Miao Wen Xin, a 26-year-old Shanghai native who is studying Japanese in Tokyo, visited the coffee shop on Saturday. “The idea of having robots serving coffees is cool,” he said, adding that he plans to open a coffee shop, either in Japan or China. “I liked how pilots with disabilities showed the entire process, from choosing beans to pouring the coffee into a mug, and I liked the chocolate they suggested.”

In addition to running the coffee shop, Ory Lab makes money by leasing their robots and dispatching pilots and robots to other companies. Over 30 pilots have worked at companies other than Ory Lab, Yoshifuji said.

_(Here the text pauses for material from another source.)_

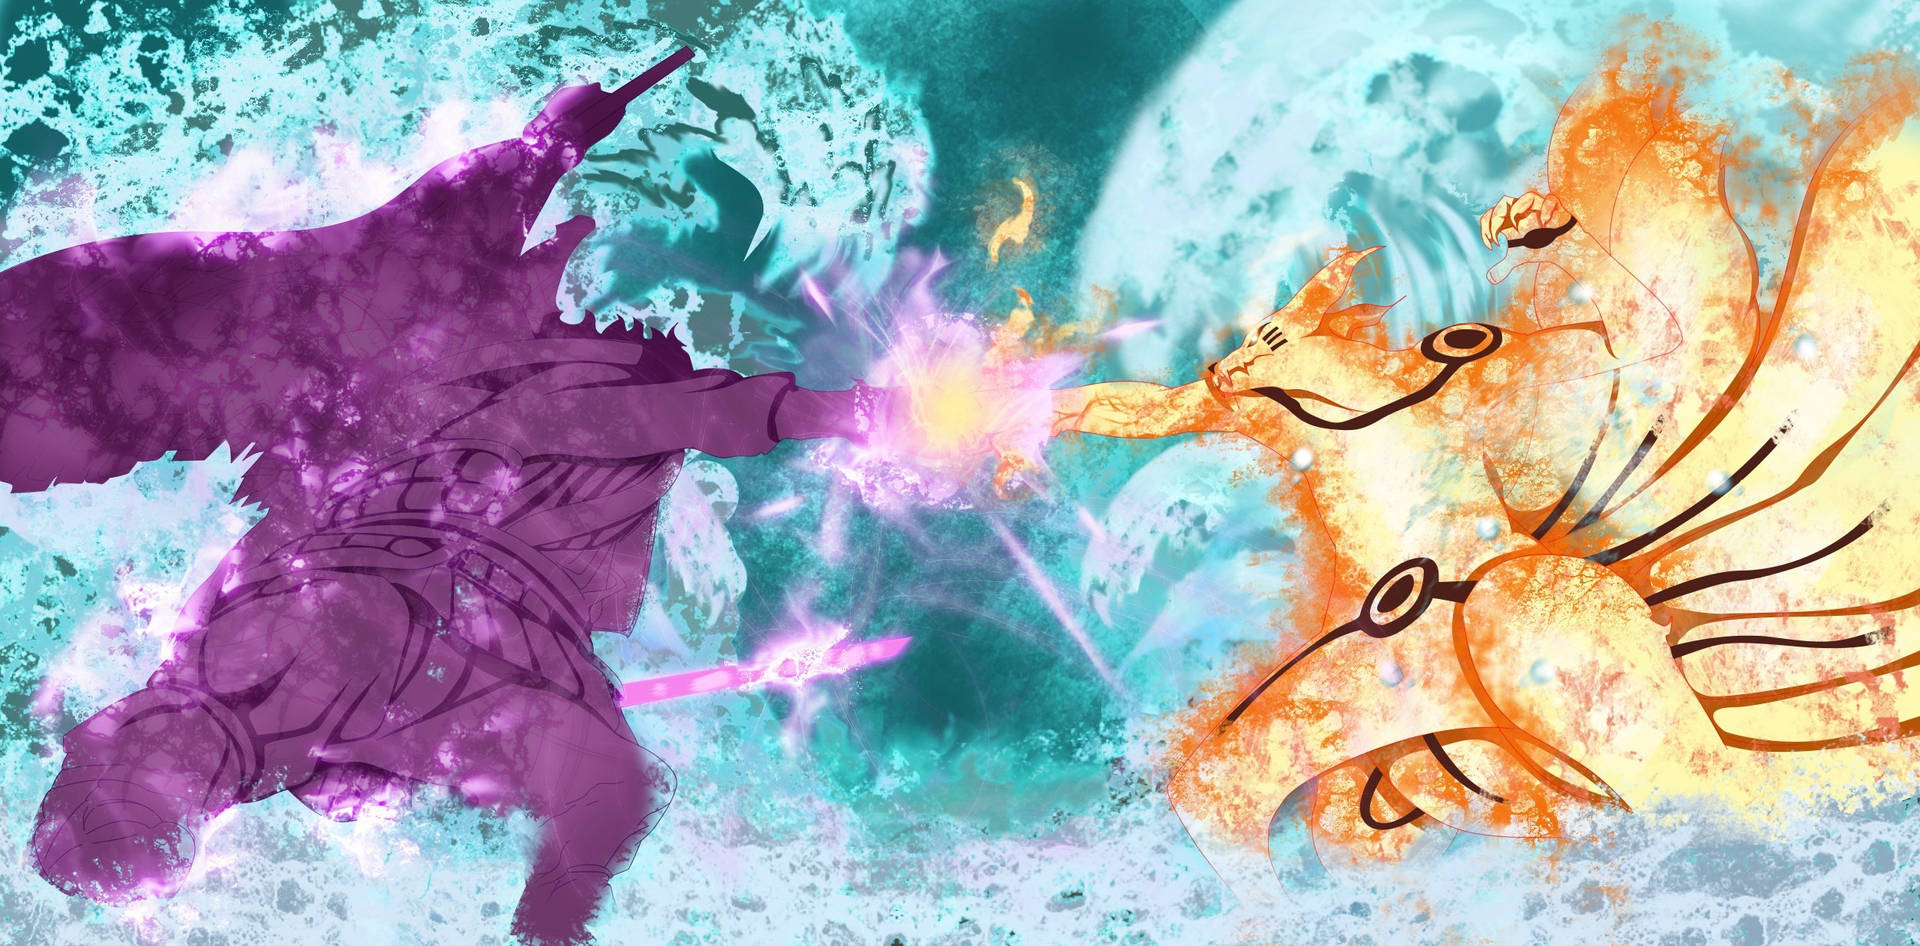 Naruto Vs Sasuke In Final Forms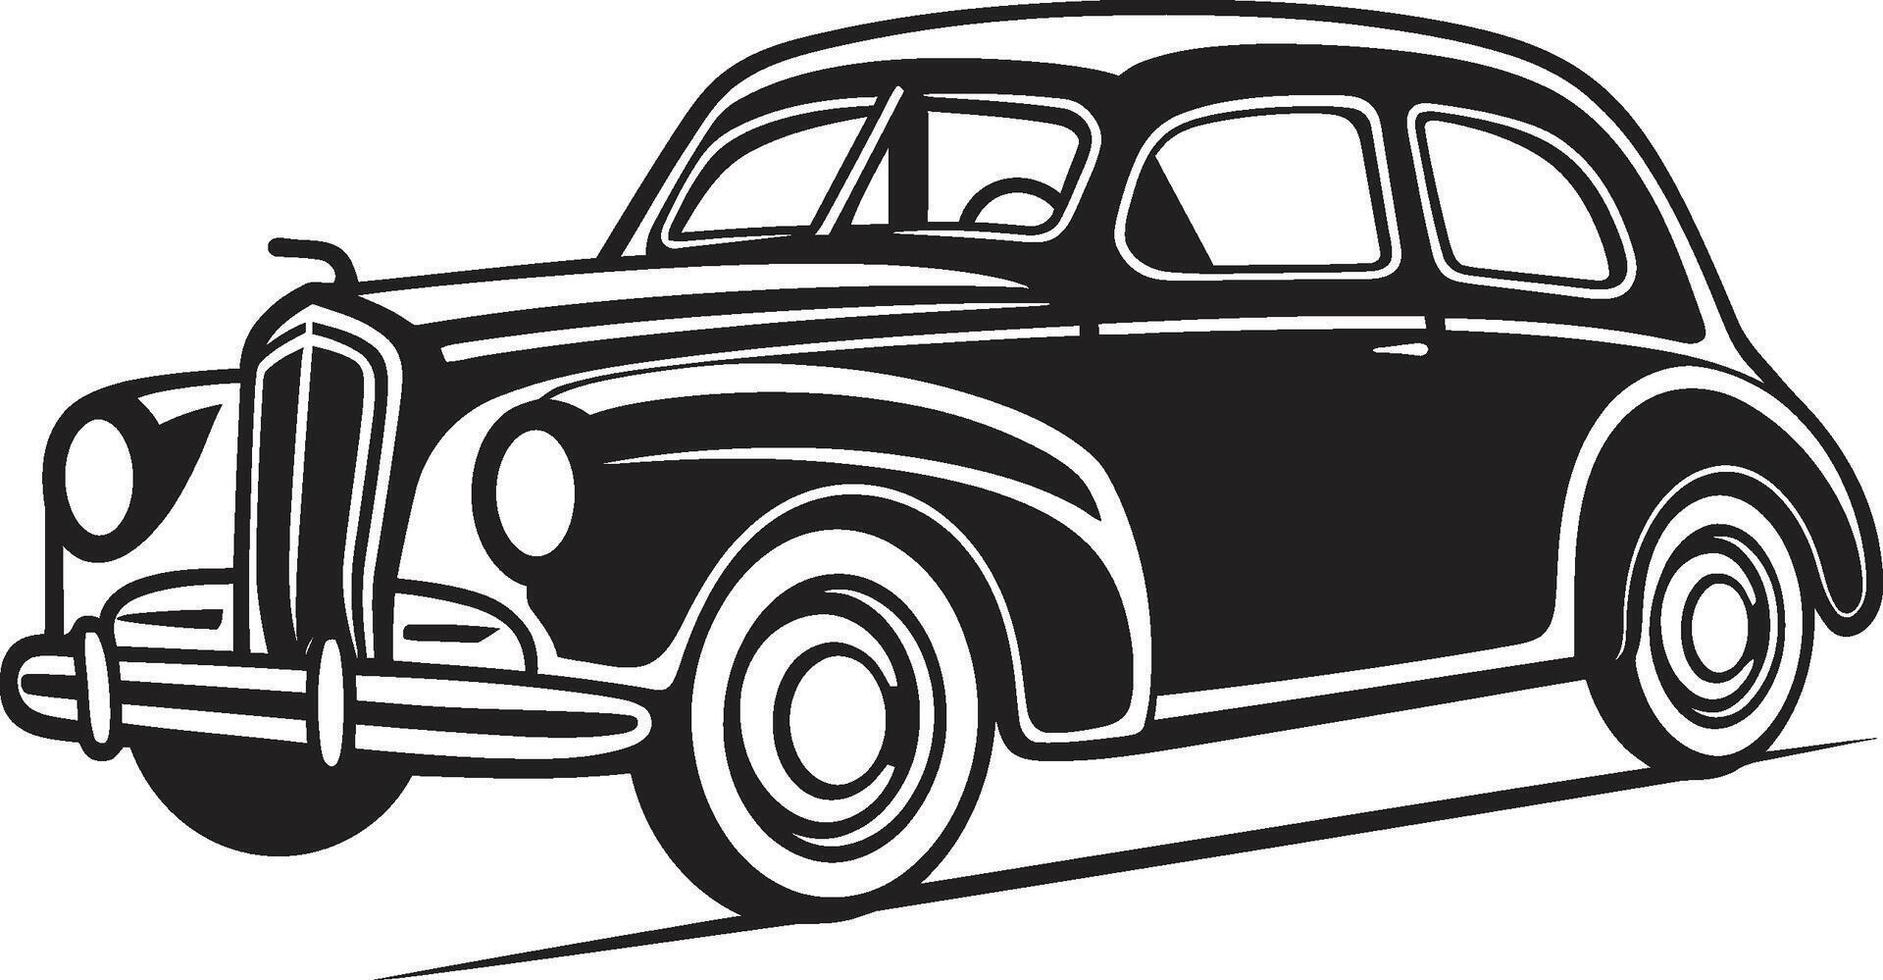 Nostalgie Navigator Emblem zum Gekritzel Linie Kunst künstlerisch autowerkstatt ic Element von Antiquität Auto vektor

Mos Burger is among them. The Japanese burger chain has disabled employees at its eateries and offices, but “the idea of staff working remotely for one of our restaurants was surprising,” said Minako Morino, a representative of the chain’s operator, Mos Food Services.

The company introduced OriHime on an experimental basis at a Tokyo shop in July 2020 as a way to tackle the labor shortage and reduce face-to-face interaction between customers and employees during the pandemic.

Customers can place orders through the robot, get recommendations and more. “Guests can even just chat with a pilot without placing an order,” Morino said. “There are even fans who visit the shop to chat with a pilot,” she added.

A OriHime robot at a Mos Burger shop in Tokyo takes customer orders, makes recommendations and more. (Photo courtesy of Mos Food Services)

Separately, Mos Food Services temporarily introduced the OriHime Porter service robot in August to bring food from the kitchen to customer tables. The company is still working out some kinks with the internet connection and the ordering system, but the project “not only lets customers relax, it also gives our employees a chance to reflect on their work style,” Morino said.

Meanwhile, Fujita the barista said she plans to continue working at the Dawn cafe.

“A girl I prepared coffee for at a pop-up cafe told me she wanted to work at the avatar robot cafe,” Fujita said. “I’m glad that what I have done led to someone’s dream. My own dream is to work with her in the coming years.”